This morning, as I chat with Rick about what we want to accomplish with his excavator, I'm feeling overwhelmed by the scale of what Tara and I have set out to do with this homesteading project. When I look closely at our land, the work to be done seems endless. I know there's no use worrying about the enormity of what remains, but sometimes it's hard not to dwell on it.
In any moment of decision, the best thing you can do is the right thing, the next best thing is the wrong thing, and the worst thing you can do is nothing. Theodore Roosevelt
In the end, there's nothing to do but pick something obvious and get started. Somehow, the rest will work itself out. This morning, that means the half-fallen tree tangled up near our clearing. I've considered cutting it loose every time I've had a chainsaw in hand, and each time I've thought better of tackling it on my own. Today, Rick and his excavator makes short work of the problem while Tara and I watch in awe.
It's eerie how little physical effort is required. Inside the machine, Rick is just fiddling with some joysticks, levers, and pedals. Meanwhile, his excavator is literally ripping a tree from the earth, tearing it from roots which have been there for longer than I've been alive. In a matter of minutes, Rick has the tree hanging in mid-air like a twig, dangling in front of me to be cut into more manageable lengths with a chainsaw.
There are massive logs like this laying dead everywhere on our property. With the first tree finished, we repeat variations of this process for the balance of the day, focusing on the area around our drive. While Rick pilots the excavator, I attach chains to trees for dragging, cut them loose with our chainsaw, and generally try to absorb as much information as I can about how to safely complete this logging operation.

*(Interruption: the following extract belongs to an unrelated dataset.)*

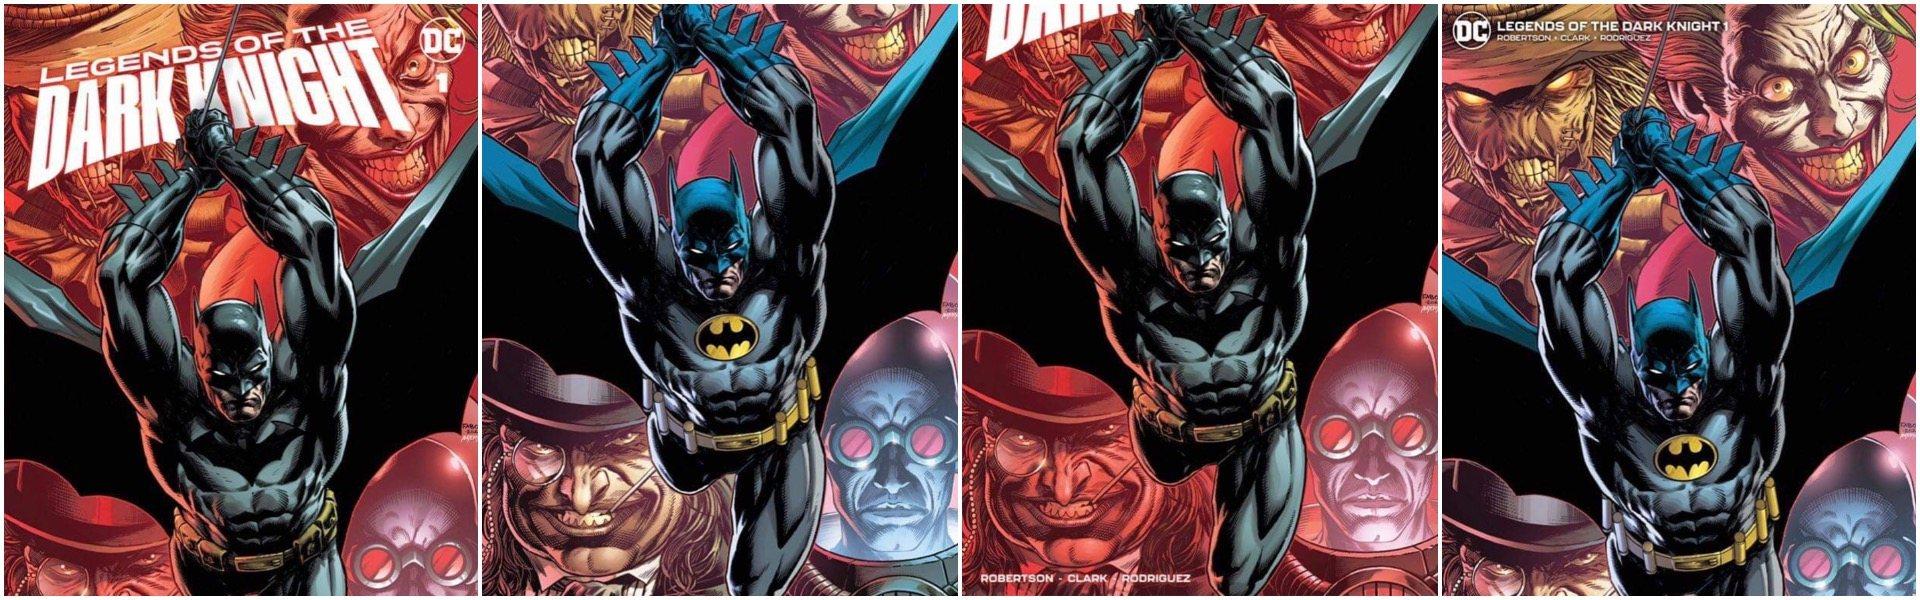 Legends of the Dark Knight #1 Jason Fabok Variants

Though the work proceeds well, the day is not without its failures. Early in the afternoon, while Rick is turning the excavator with a lengthy tree-top in the bucket, the tip gets caught on a nearby tree trunk, cocking back like a catapult. Before I can react, it slips free, slingshotting directly into my chest with a crushing SMACK. It stings like hell and knocks the wind out of me, but thankfully, I'm mostly unscathed.

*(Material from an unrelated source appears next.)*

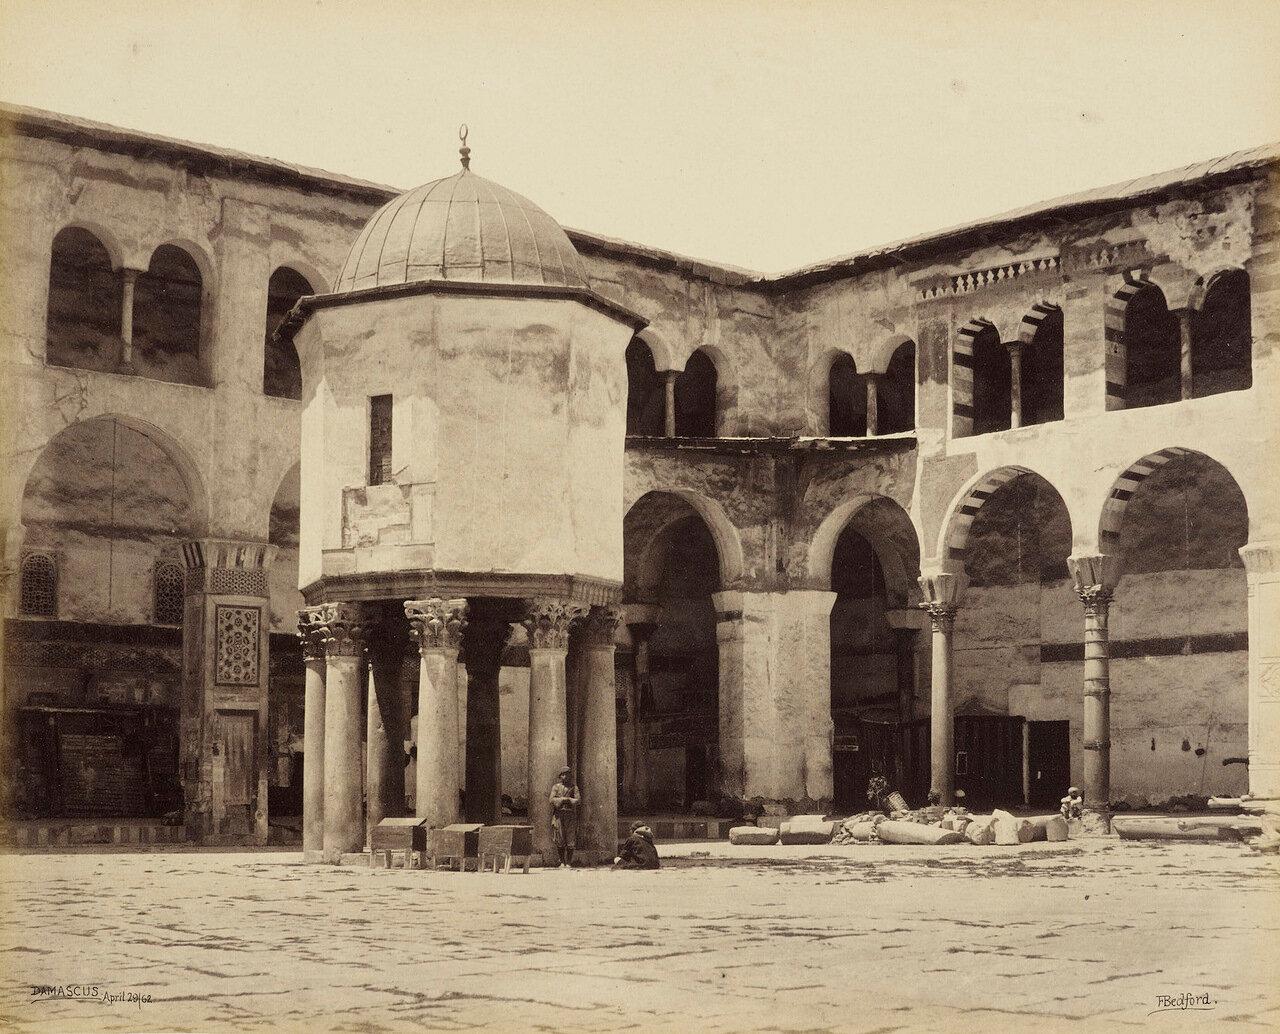 29 апреля 1862. Фонтан во дворе Большой мечети. Дамаск

Later in the day, I get my chainsaw snagged in a log just before the end of a cut. Unexpectedly, the piece breaks free and falls to the ground with my saw embedded in it. The handle strikes the dirt first, shattering into a million little pieces. It's over so fast that I'm not even sure what happened. The mistake will cost $150 to repair. Ugh. Better the saw than me, I guess.
Despite injuries to myself and my chainsaw, the day is a success. Rick and I have dragged dozens of downed trees out of our woods and cut them into more manageable pieces. The work has undoubtedly saved us hundreds of hours of backbreaking labor. Even though this is exactly what we set out to do, I have some reservations about the process.
There is a certain amount of collateral damage that inevitably comes with using heavy machinery. In our case, it takes the form of small live trees being killed to aid in the removal of huge old and dead ones. Rick is a skilled excavator operator, but there is a limit to how deft he can be when maneuvering 6.5 tons of hydraulics and metal—especially with a thousand pound log in tow.
At one point this afternoon, there was a small tree, perhaps four inches in diameter, preventing us from removing a gigantic piece of timber. When it became clear that he couldn't work around it, Rick looked at me, made the sign of the cross, and yanked it out of the ground, tossing it aside like table scraps for a compost bin. For all the resistance it gave, the poor thing may as well have been a blade of grass.
If we had cleared the log by hand, we could have worked around the little tree, but moving that one piece of timber would easily translate into an entire day of hard labor. Multiple that by 100 or so and that's the current state of our land. Thinking pragmatically about the process, the effort saved is monumental, and so far, the cost seems small enough.
In any case, we accomplished a lot today, and I'm thoroughly exhausted.